Живан не был мелиоратором. Всю свою жизнь он увлекался луговодством, кормовыми травами и прежде всего люцерной. Еще задолго до войны он вывел знаменитый сорт люцерны, — и по сей день Живана хорошо помнят в селе Некраши, где он пестовал свою люцерну, за что и получил звание профессора. Но он никогда не замыкался в одном луговодстве. Узнав о старой Замысловичской системе, Живан не только откопал все, что было о ней в архивах, но решил лично побывать на месте и выяснить ее пригодность. Он знал, что мелиораторов мало, дел у них много, и всегда ценил их труд. Это они создают новые луга, великолепные пастбища, из-под гнилья добывают плодородную землю.

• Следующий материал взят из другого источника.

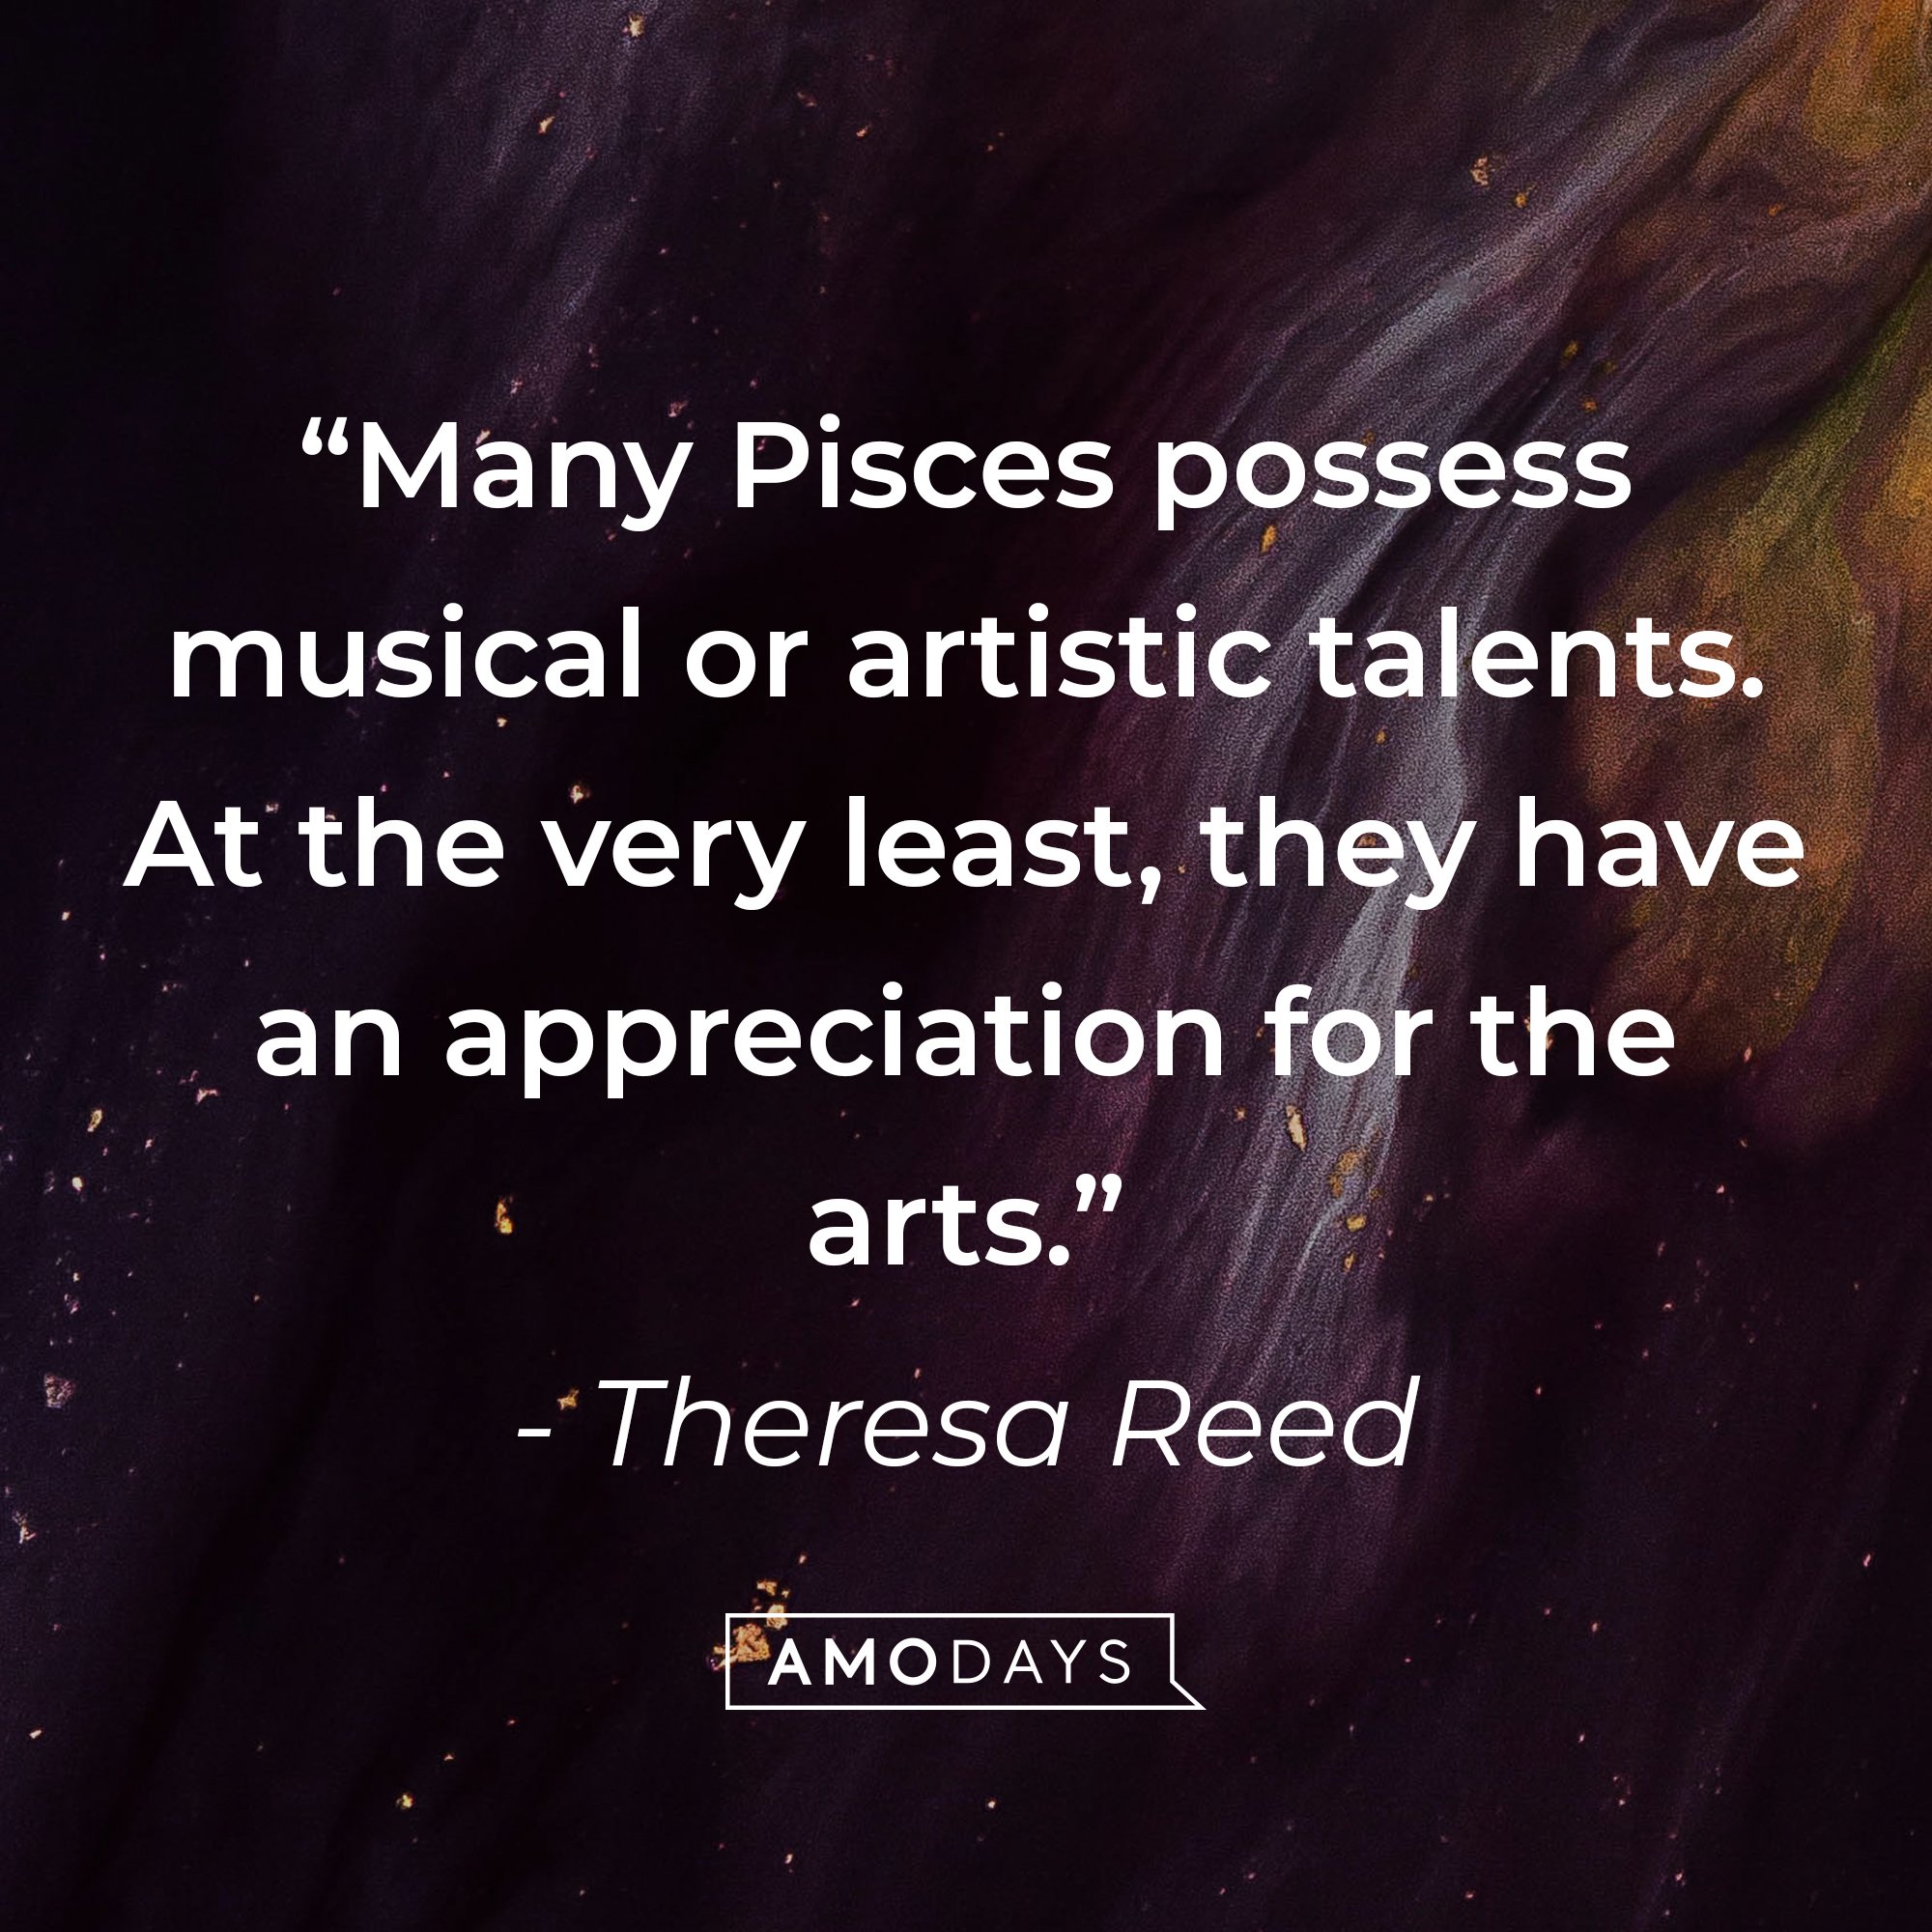 Theresa Reed's quote: "Many Pisces possess musical or artistic talents. At the very least, they have an appreciation for the arts." | Image: AmoDays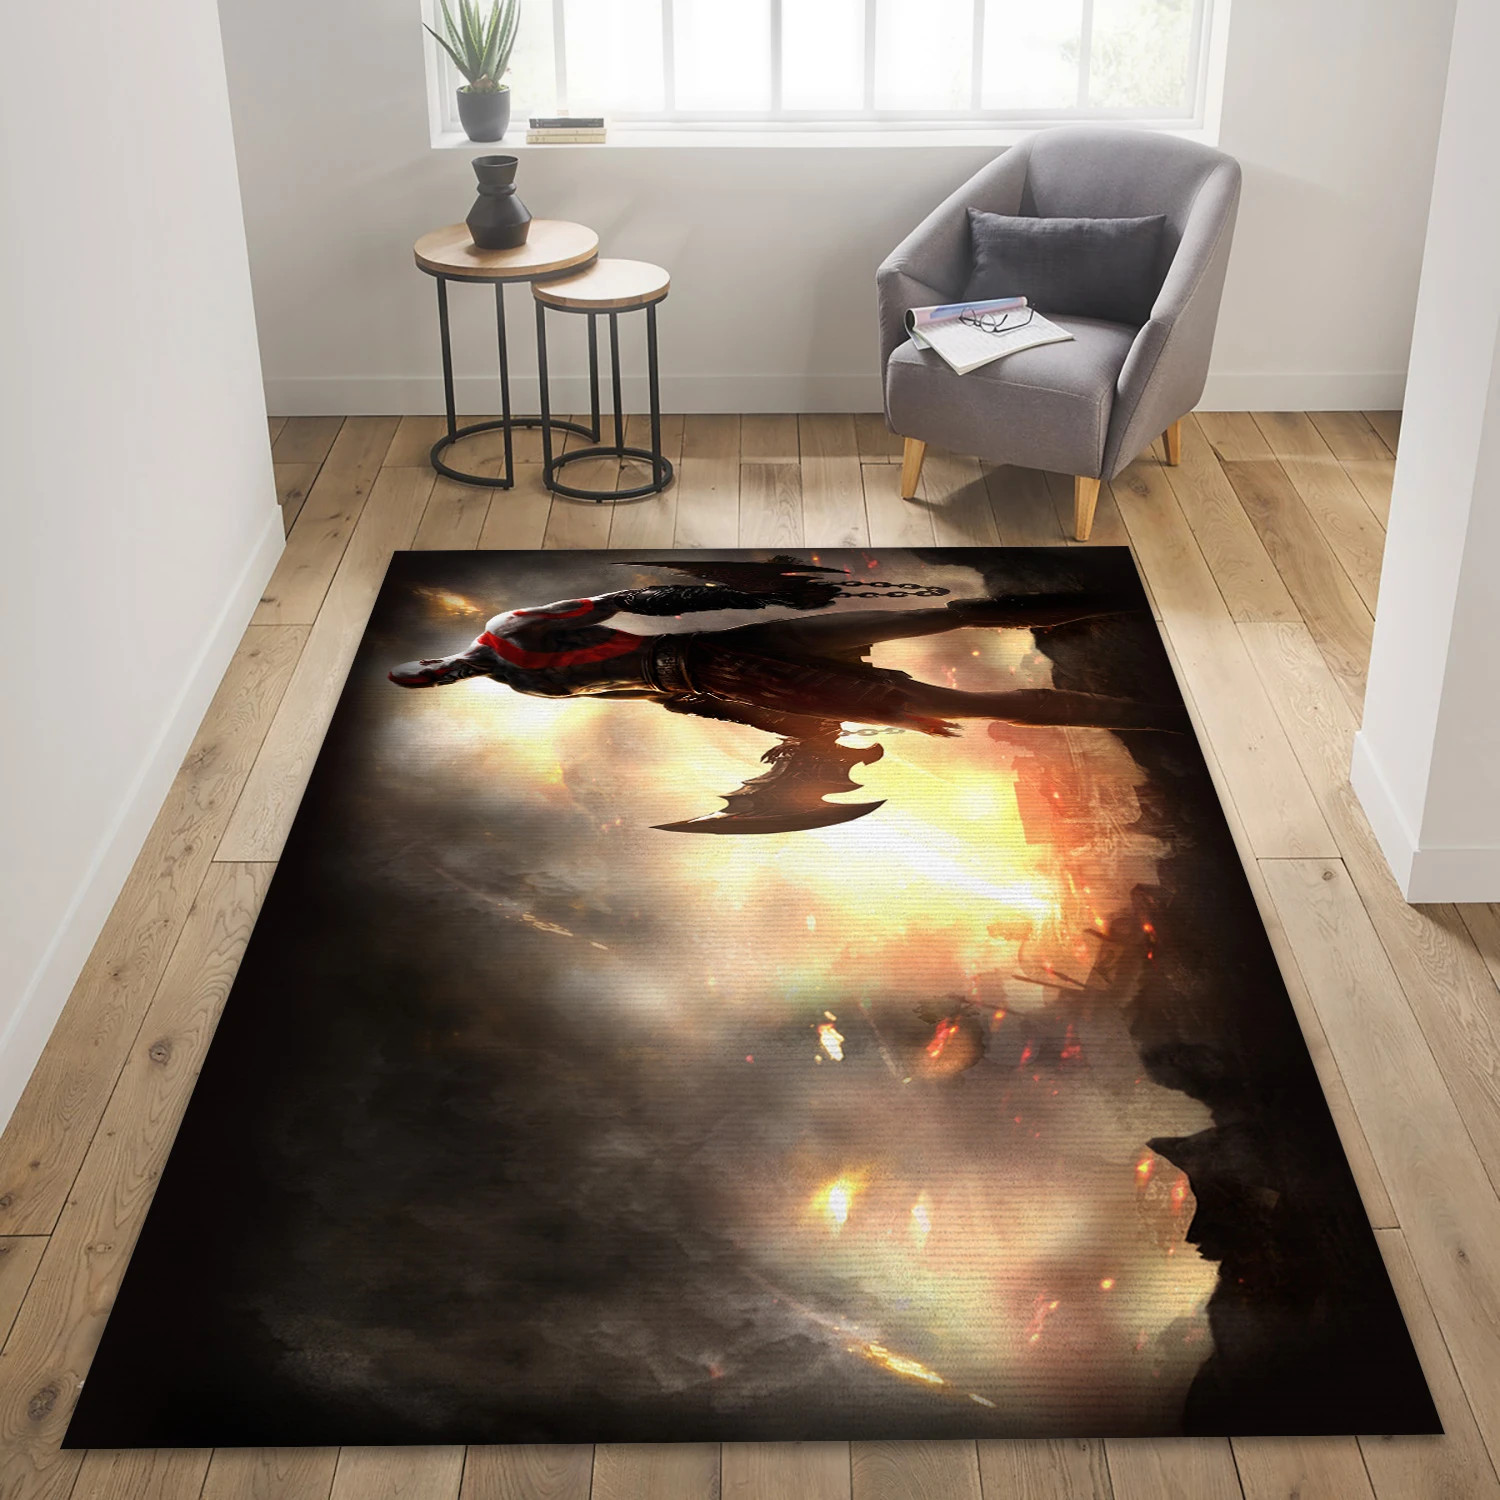 God Of War Video Game Area Rug For Christmas, Bedroom Rug - Christmas Gift Decor - Indoor Outdoor Rugs 3

Слушая рассказ старого лесника, Живан почувствовал, что он принялся за очень нужное дело. И все-таки он возвращался в Замысловичи не столько мелиоратором, сколько луговодом. Его конь, кроме седока, сравнительно легкого, должен был везти еще целый мешок разных трав и кореньев.
Недалеко от Замысловичей ему повстречался перепачканный усталый Шайба, одиноко плетущийся по глухой лесной просеке.
— Откуда так рано, Максим Минович?
— На рыбку ходил.
— А где же рыбка?
— Не ловится.
Шайба нащупал в кармане холодную стальную рулетку, но не признался Живану, что ходил осматривать те места, где начинается канал, что измерил ширину и глубину этого канала, что уже имел при себе маленький проект, над которым все эти дни в одиночестве ломал голову, чтобы предложить его райкому в готовом виде.
Живан передохнул денек и тоже отправился в райком. Он вынужден был несколько разочаровать Мурова. Замысловичская система старая, сделана примитивно, канавы мелкие, и только восстановить ее — слишком мало. Необходима новая система: шире, совершеннее, экономичнее. На Полесье не так уж много воды, чтобы направлять ее в другие края. Новая система должна быть одновременно и осушительной и оросительной. Тогда не будет болот, но не будет и безводья. Тот же генерал Жилинский знал, что его меры примитивны и недолговечны, что его систему занесет илом. Но что можно было сделать голыми руками, на мизерные земские средства? Да по тем временам и это был подвиг. Как же много надо сделать нам, чтобы через полстолетия потомки тоже назвали это подвигом!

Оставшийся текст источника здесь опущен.